Quote the data below in full, minus the images.

> [STORED DATA]:
※

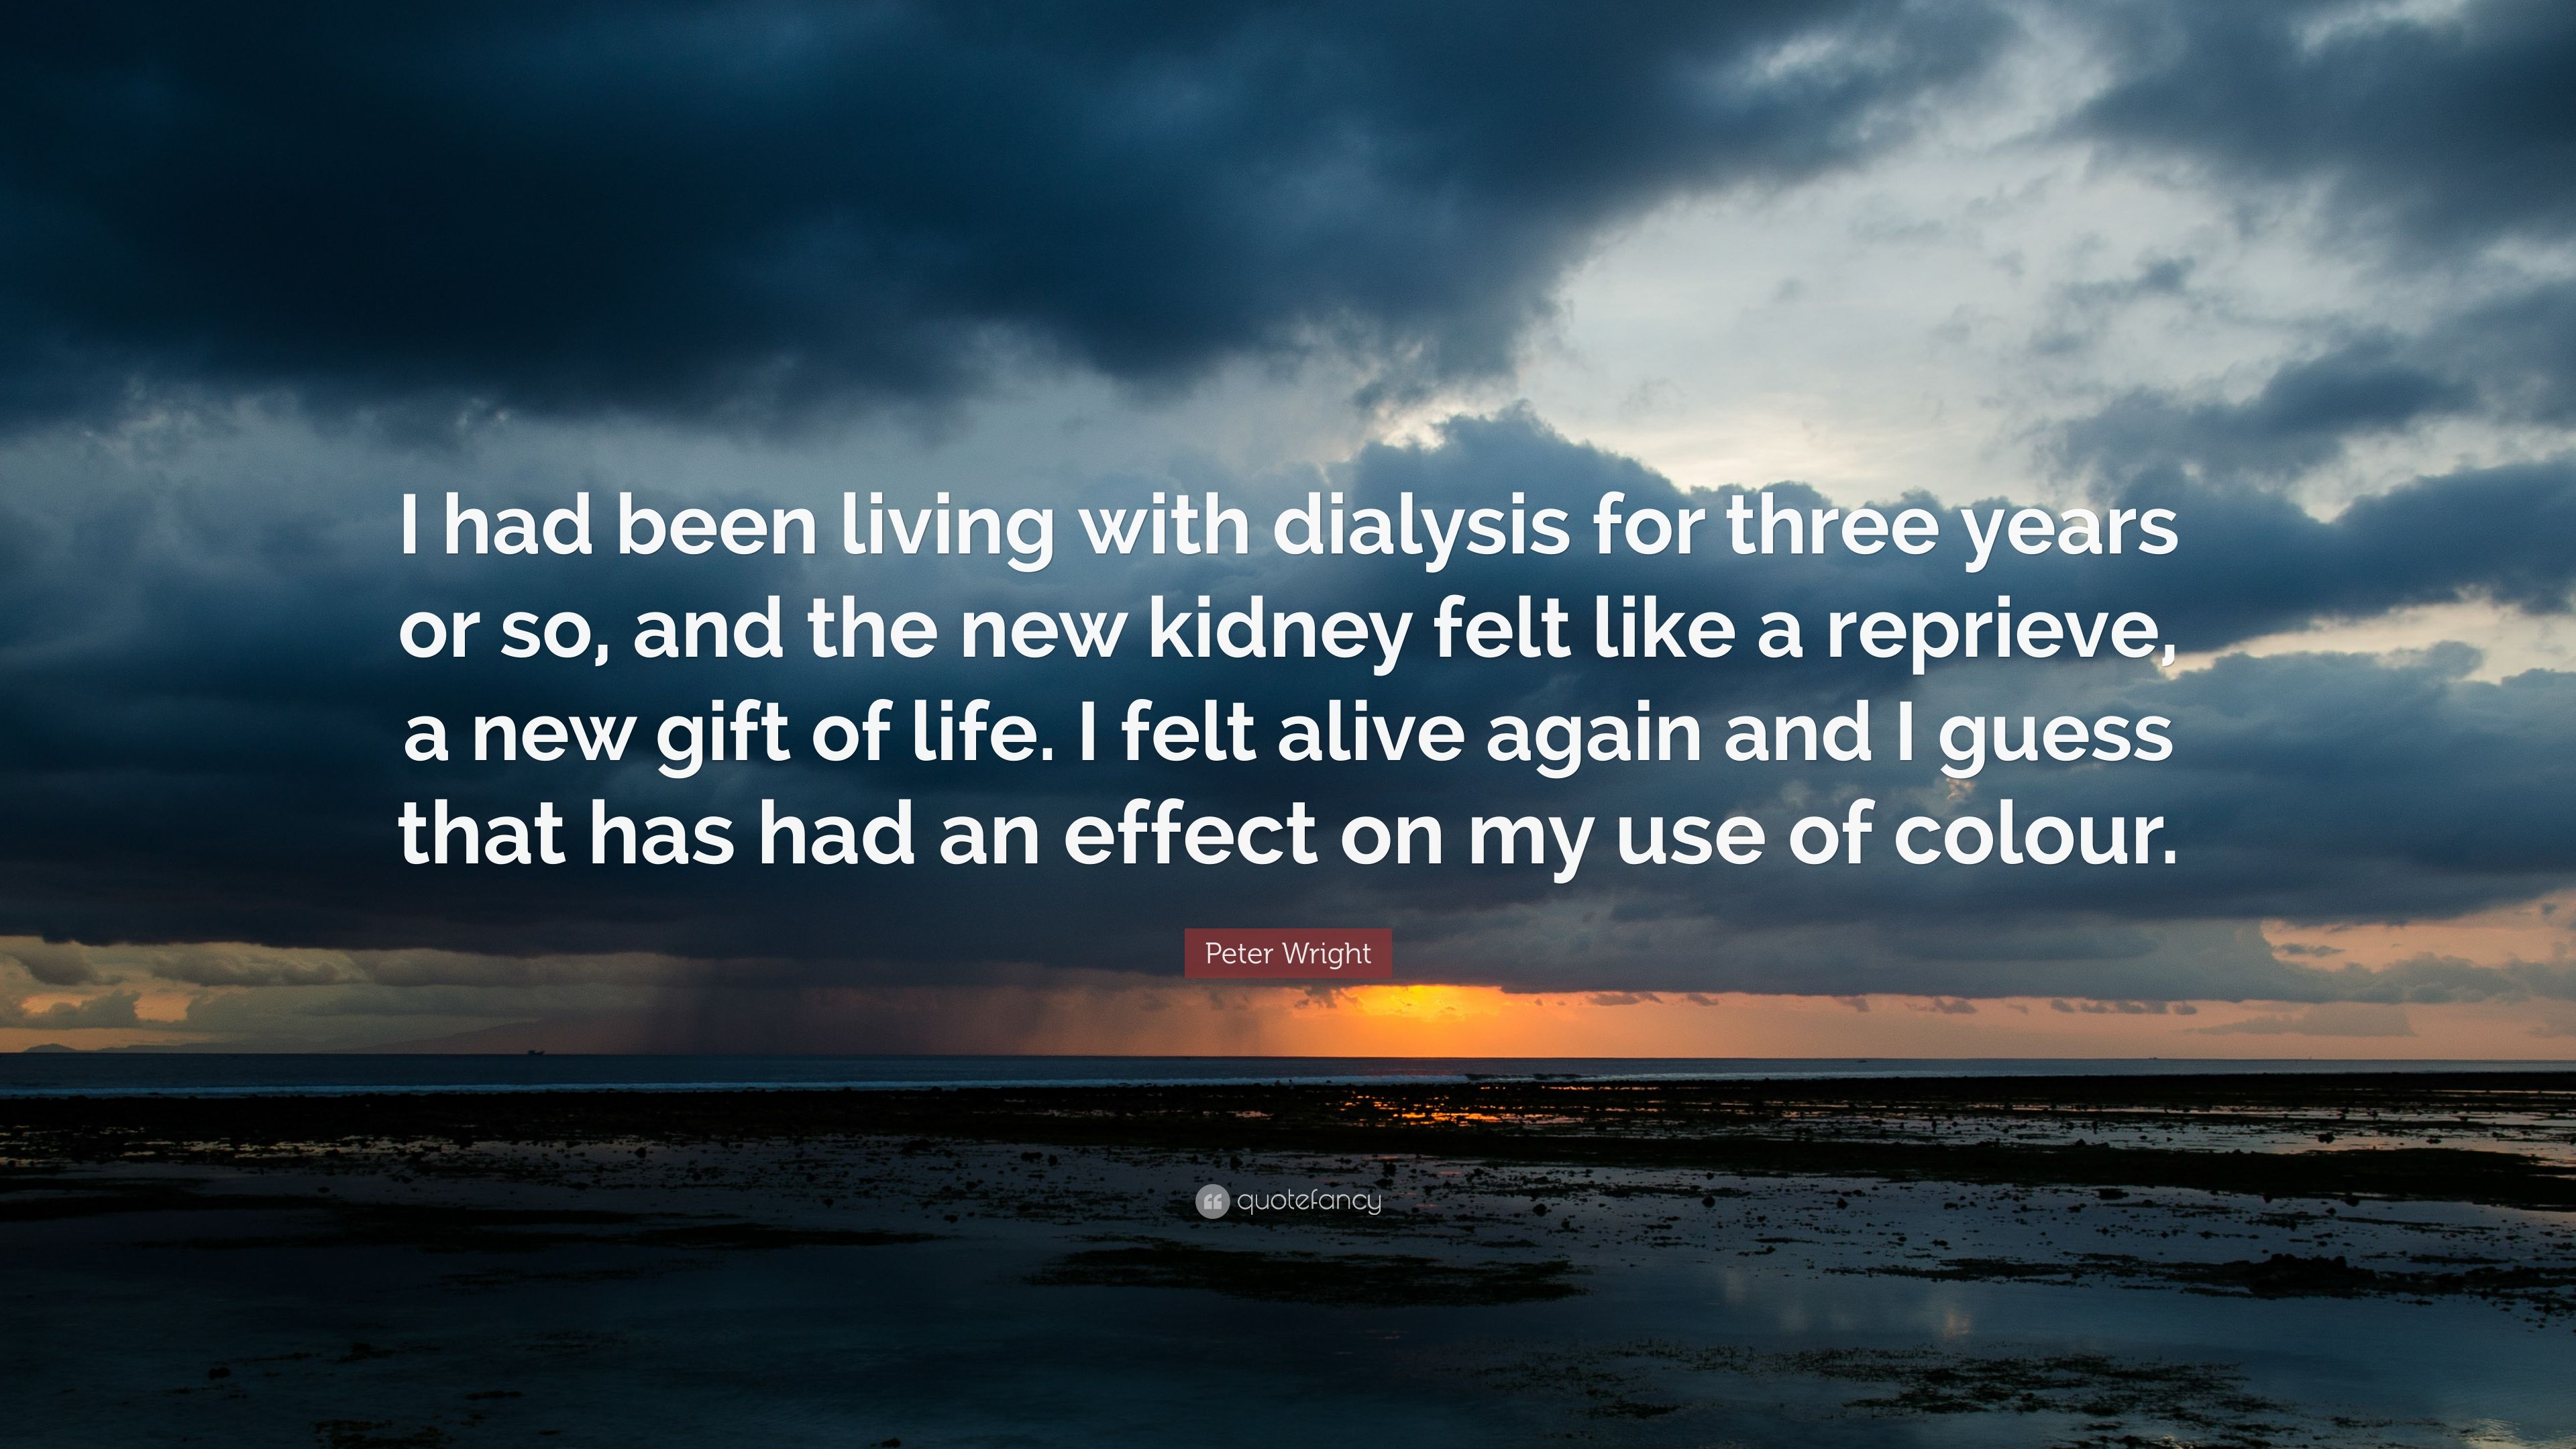 Peter Wright Quote: “I had been living with dialysis for three
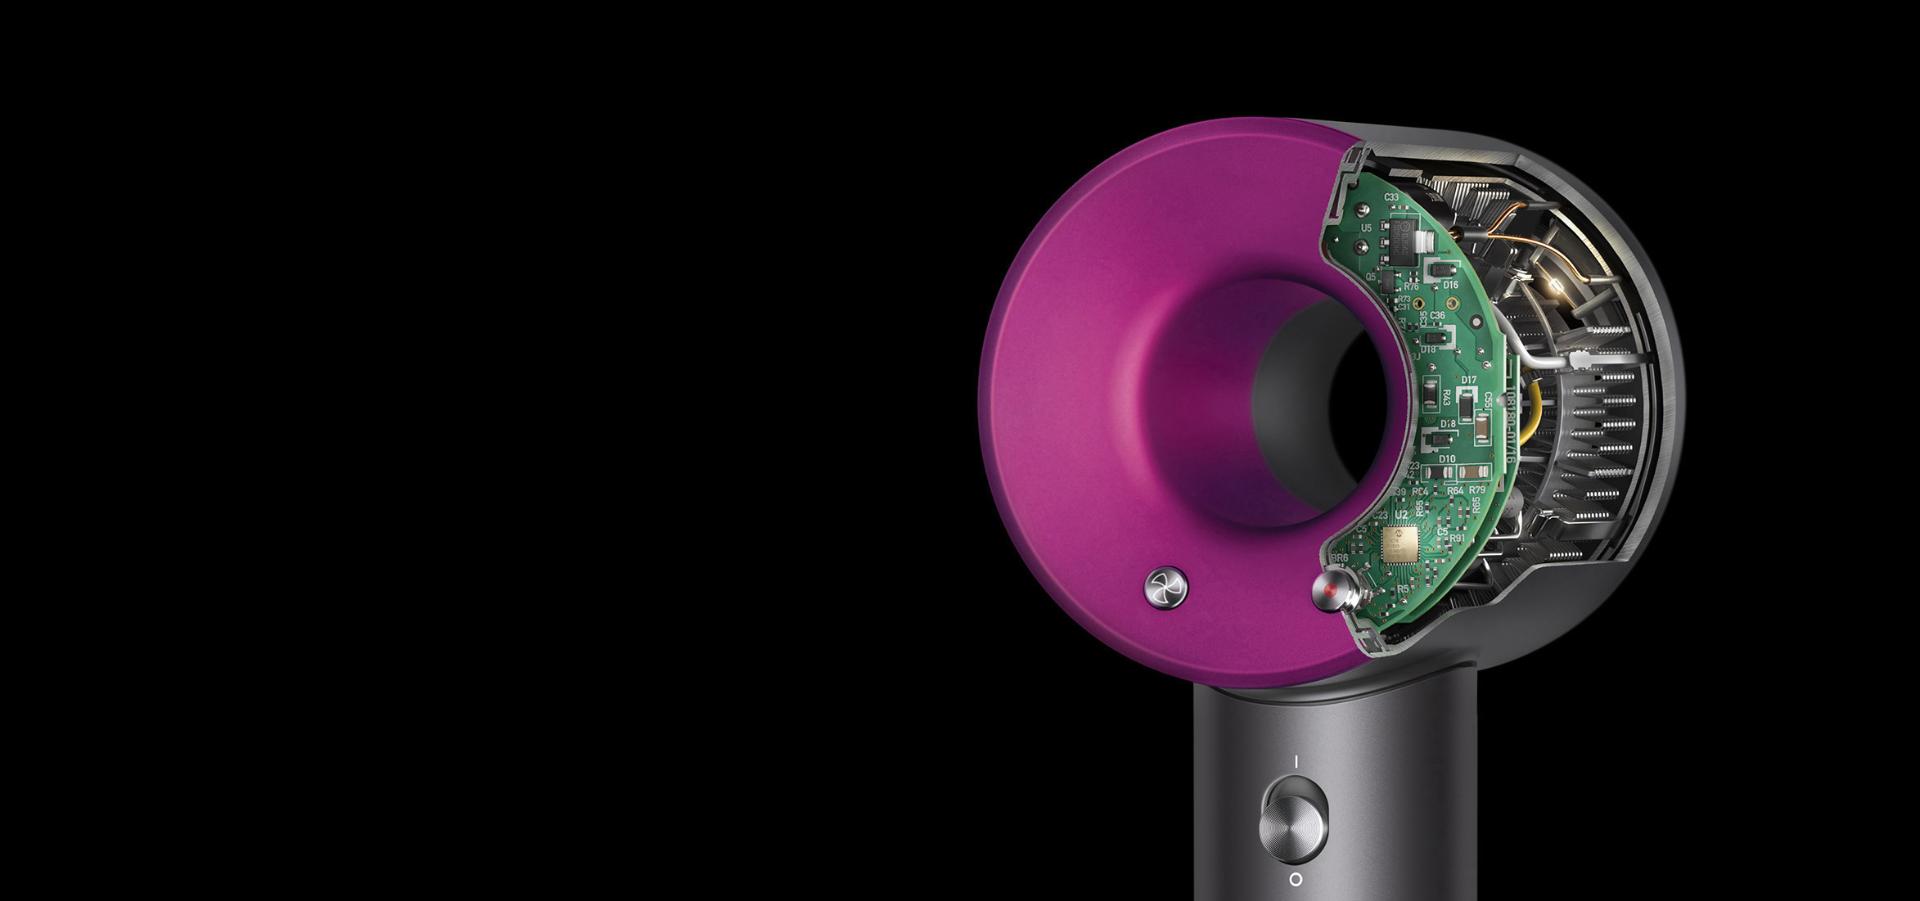 Cutaway inside the Dyson Supersonic hair dryer and intelligent heat control
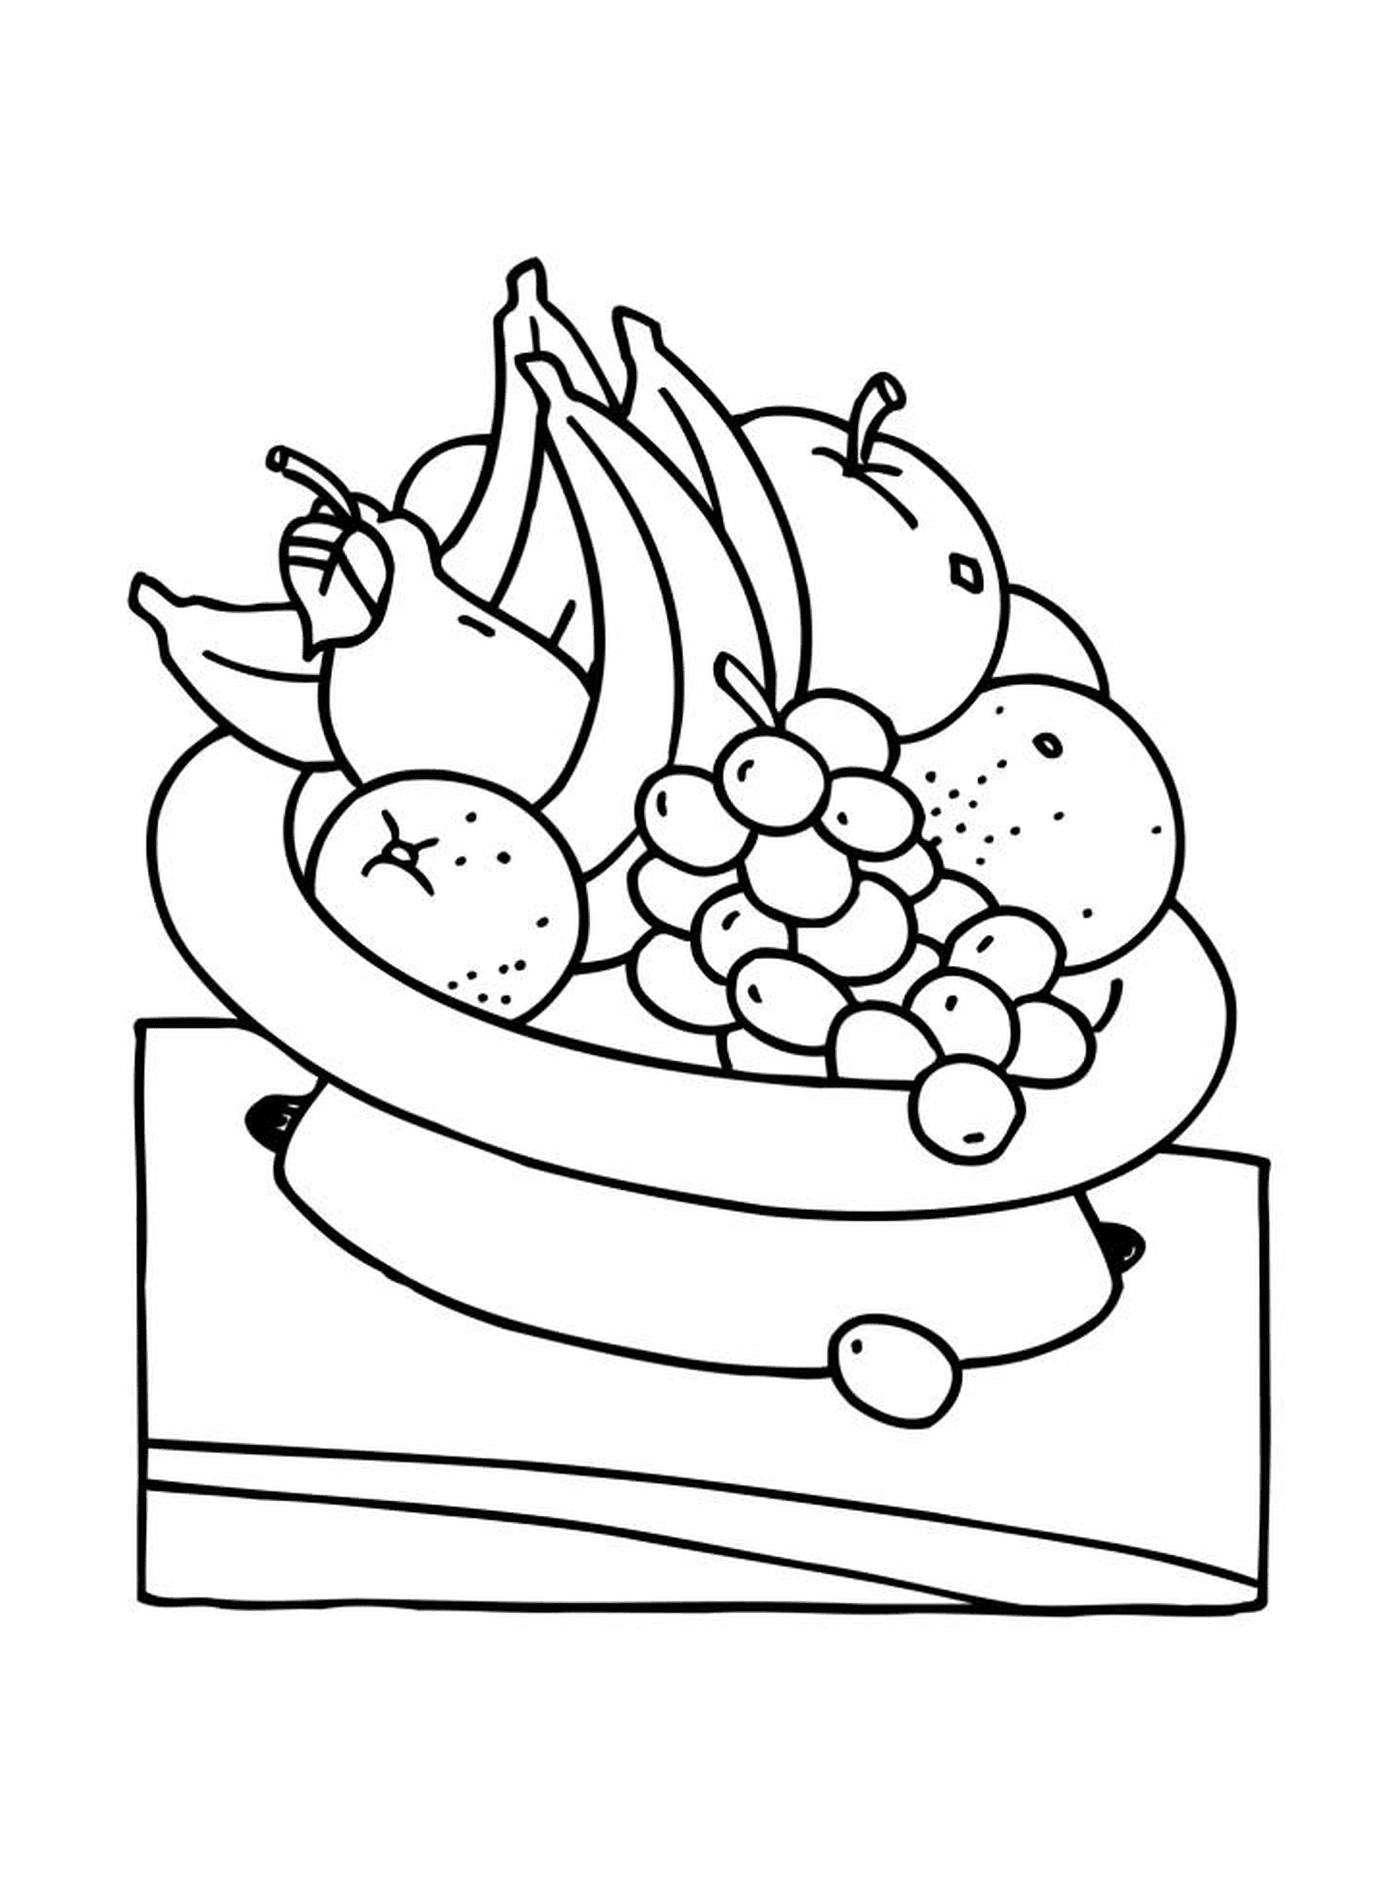  bowl filled with different fruits

※

> [TASK ANSWER]:
 Peter Wright Quote: “I had been living with dialysis for three
 Cutaway inside the Dyson Supersonic hair dryer and intelligent heat control
  bowl filled with different fruits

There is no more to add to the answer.